X_test_vectorized = vector.transform(X_test)
X_train, X_val, y_train, y_val = train_test_split(X_test_vectorized, y_test,test_size = 0.3)

classifier_LR.fit(X_train, y_train)  
pred = classifier_LR.predict(X_val)

precision = precision_score(pred, y_val, average=None)
recall = recall_score(pred, y_val, average=None)
print('                   score 1,  score 2,   score 3,   score 4,   socre 5')
print('precision score:', precision)
print('recall score:   ', recall)
    

                   score 1,  score 2,   score 3,   score 4,   socre 5
precision score: [0.57142857 0.51612903 0.27777778 0.37096774 0.71186441]
recall score:    [0.52941176 0.47058824 0.30612245 0.60526316 0.54545455]


### From the result, the rating score of the review is 3, the precision and recall is not good.
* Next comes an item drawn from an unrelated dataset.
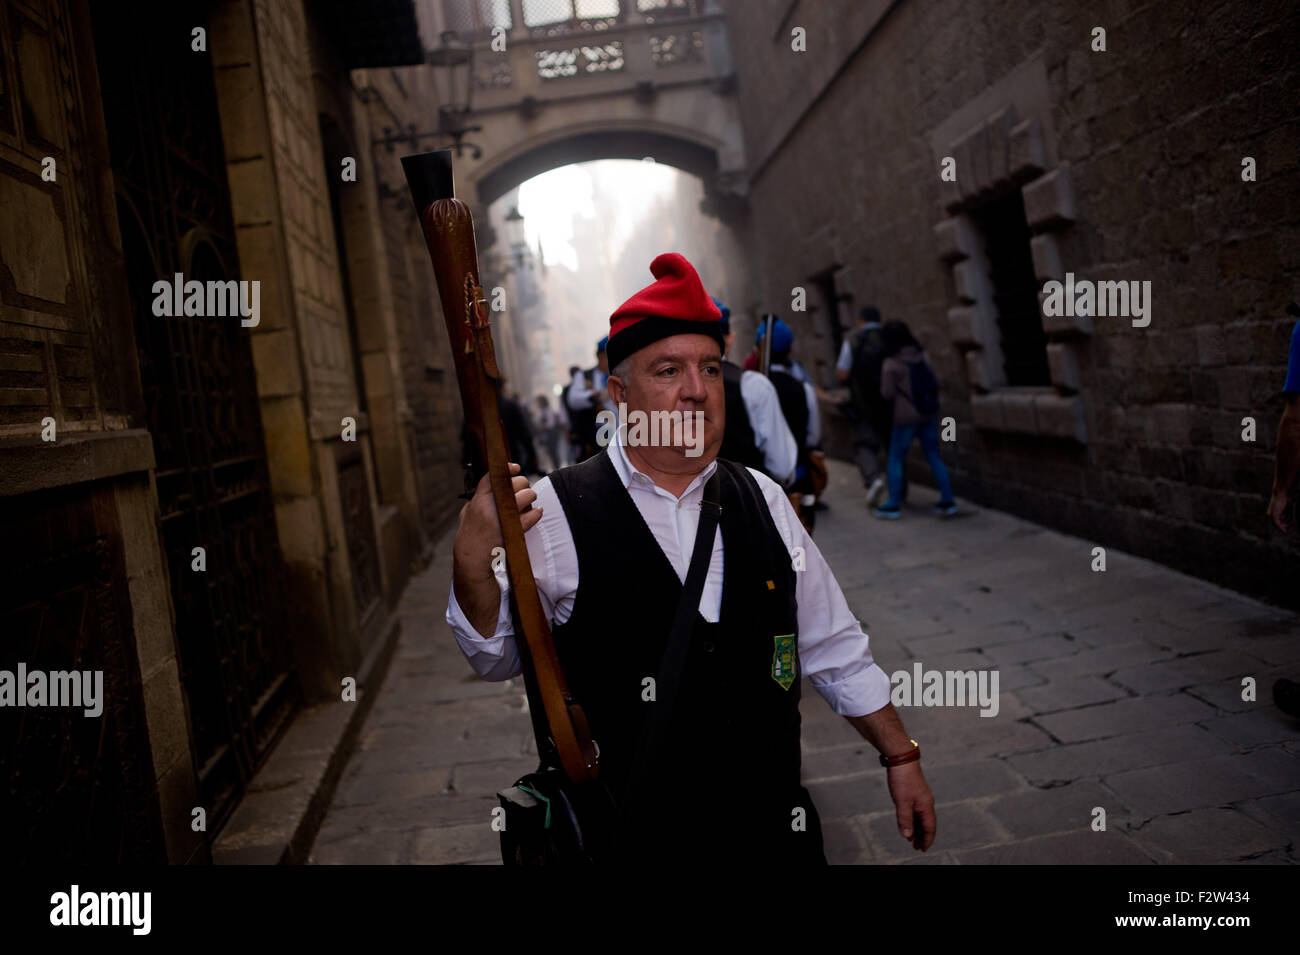 Barcelona, Catalonia, Spain. 24th Sep, 2015. A trabucaire through the streets of Barcelona on the occasion of the celebrations of the Merce Festival (Festes de la Merce) on 24 September 2015, Spain. The Galejada Trabucairemarks the beginning of the day of the patron saint of Barcelona, La Merce. Men and women dressed as ancient Catalan bandits take to the streets of the old part of Barcelona and cause a loud noise with his blunderbusses full of gunpowder. © Jordi Boixareu/ZUMA Wire/Alamy Live News Stock Photo

That means if the the reviews are neural, don't contain sentiment(positive or negative) words, then they are hard to predict the rating score.

# Task 5
## Discuss	some ideas that could help improve	your prediction. 
### 1. Use sentiment analysis, we capture semantic similarities between words, and capture the sentiments of individual words within a review, in this way, it may help improve the accuracy of prediction. 
### 2. Use natural language processing method, such as Latent Semantic Analysis, LSA can finds hidden relationship between words in order to improve information  understanding.